[direct] Re: Strange system lockups - kernel saying disk error

Dave dave at g8kbv.demon.co.uk
Sun Jun 5 10:31:15 UTC 2011

Hi again.

Thanks for the reply.

Re the old disk drives.  I have several 10 year or older IDE drives here, 
from 2G to 40G in 24/7 use, and (so far!) they are happy.  I also have a 
few much newer SATA drives that fail to even spin up.

Like anything, there is a "Bath Tub" curve re hardware failure rates.  
Lots of infant mortality in a short period, that we rarely see because 
they fail at the factory.  Then a  l o  n   g    time wih low rates of 
problems, evnetualy slowly rising as things age, until it's truly cheaper 
to replace than repair.

I used to rebuild the old 14 inch drives as part of a past job.  One of 
the few tasks where no one complained of the time you took, as the more 
care you put in to cleaning out the debris of the last failure, then 
setting up and calibrating the head positioner etc, there was a 
measurable improvement in performance (low error rates.)  I learnt a lot 
doing that.

I found Gibson's Spinrite almost by accident, before I knew of the 
Security Now series (OK, Windows biased, but still relevant..)  But 
didn't get a copy 'till a friend's wife's PC "died" saying there was no 
OS to boot.  She ran a small business, and had no backups.  (Whats new?)  
I said I'd take a look but couldn't promise anything.

After a few evenings messing arround with one of the linux rescue disks, 
I realised the hard drive was more or less OK, but some of the data was 
corrupt, probably part of the boot loader or OS (Win2000 at that time.)

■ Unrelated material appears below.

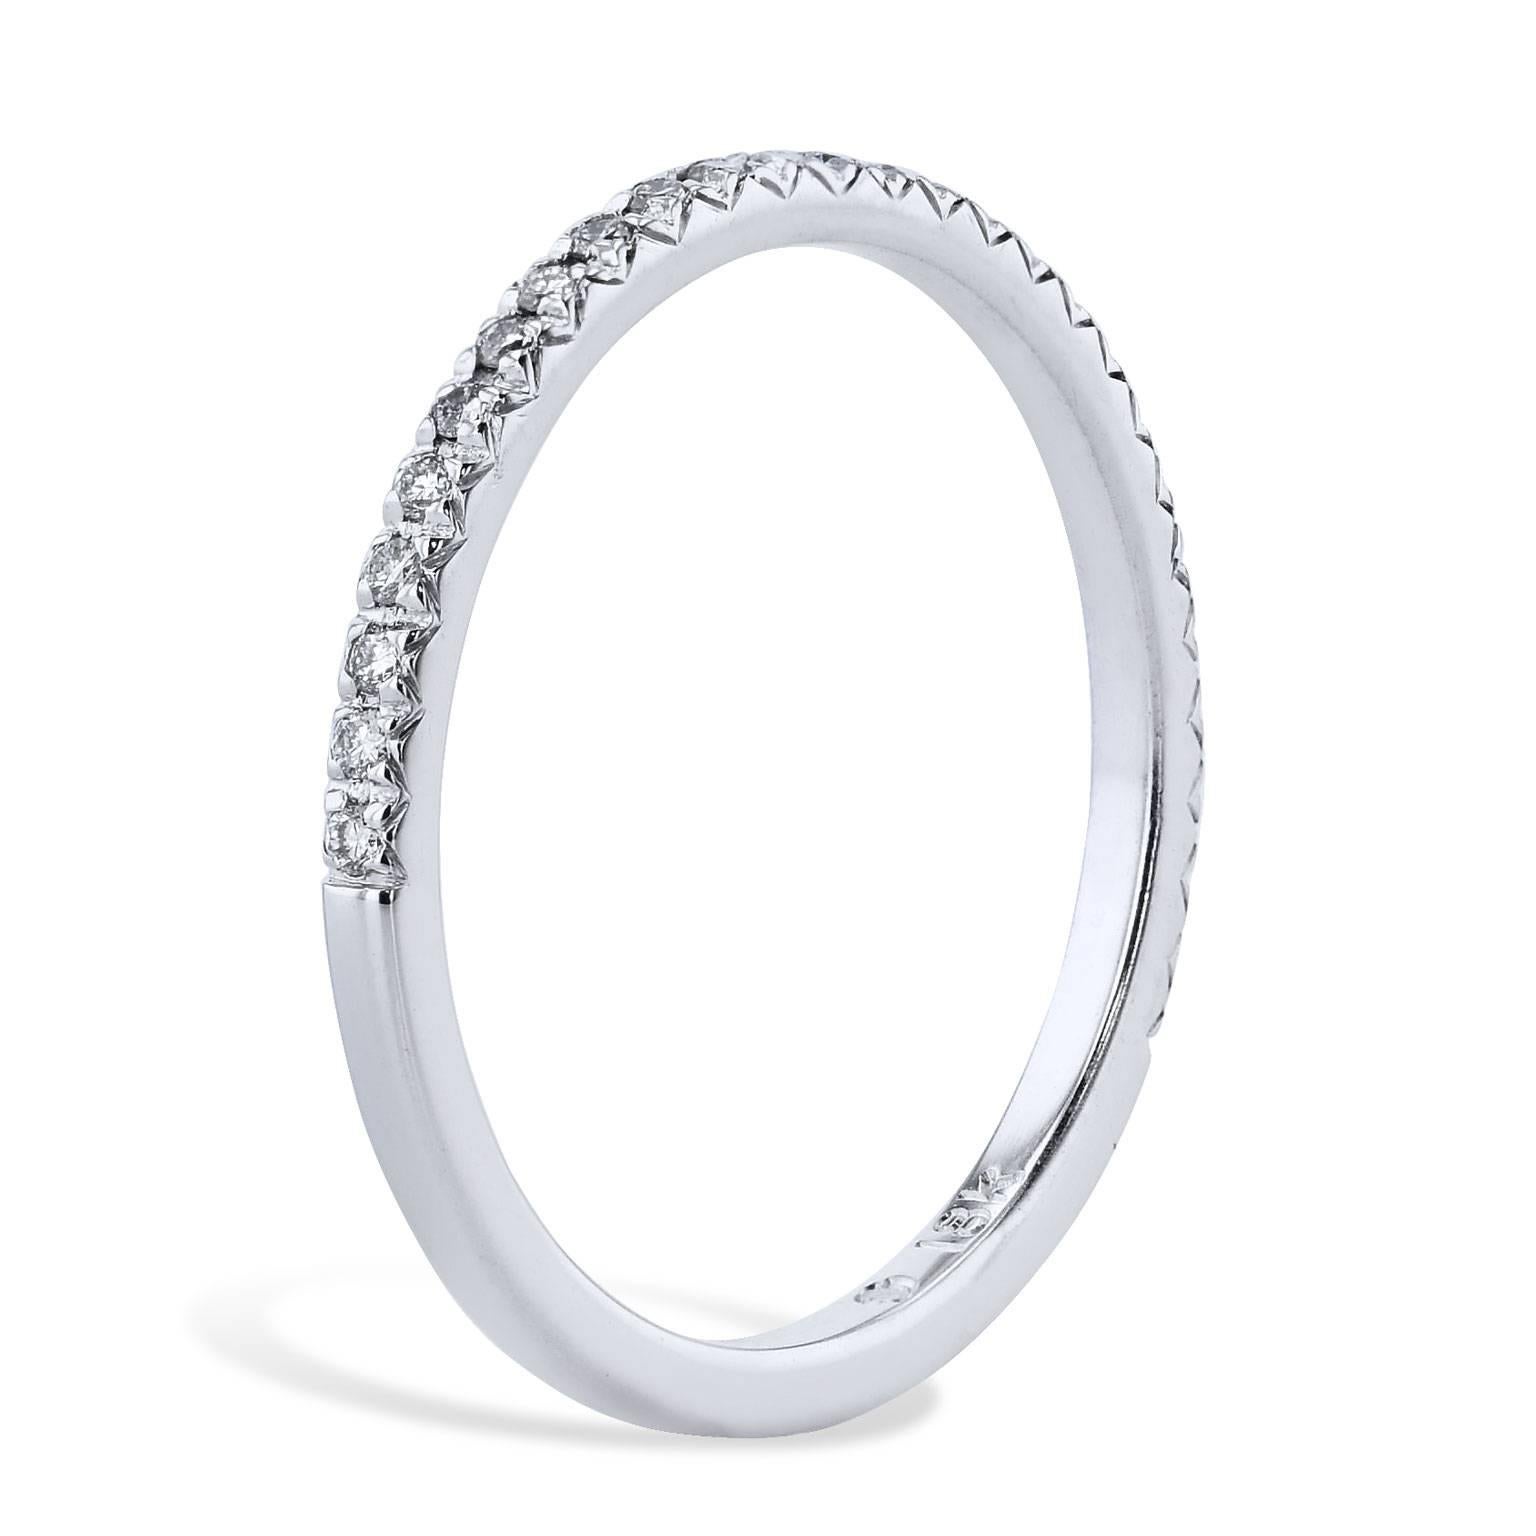 This handcrafted 18 karat white gold band ring features 0.13 carat of diamond. Each diamond is placed together to produce a ring that stirs and illuminates the essence of her beauty (size 5.5).

I knew from working on the big drives in the past, you could sometimes 
"tweak" the head position and force it to read data slightly off track, 
sometimes resulting in a good read, if not all the track, then part of 
it.  Do that enough, and with some manual memory editig tools, we 
sometimes stiched a small file back together that way, before scrapping 
the platters and rebuilding the drive.

Spinrite does that automaticaly, by moving off track to varying degrees, 
then seeking back again, and as all drives start to read before the head 
has fully settled, if you do that timed to the physical disk rotation, 
and do it enough times, you can with averaging and numerical analasys, 
plus the drives own ECC, rebuild the data sector by sector.

It does work the drives hard though, some laptops you have to run with 
the drive cover removed and an extra fan to keep the it cool!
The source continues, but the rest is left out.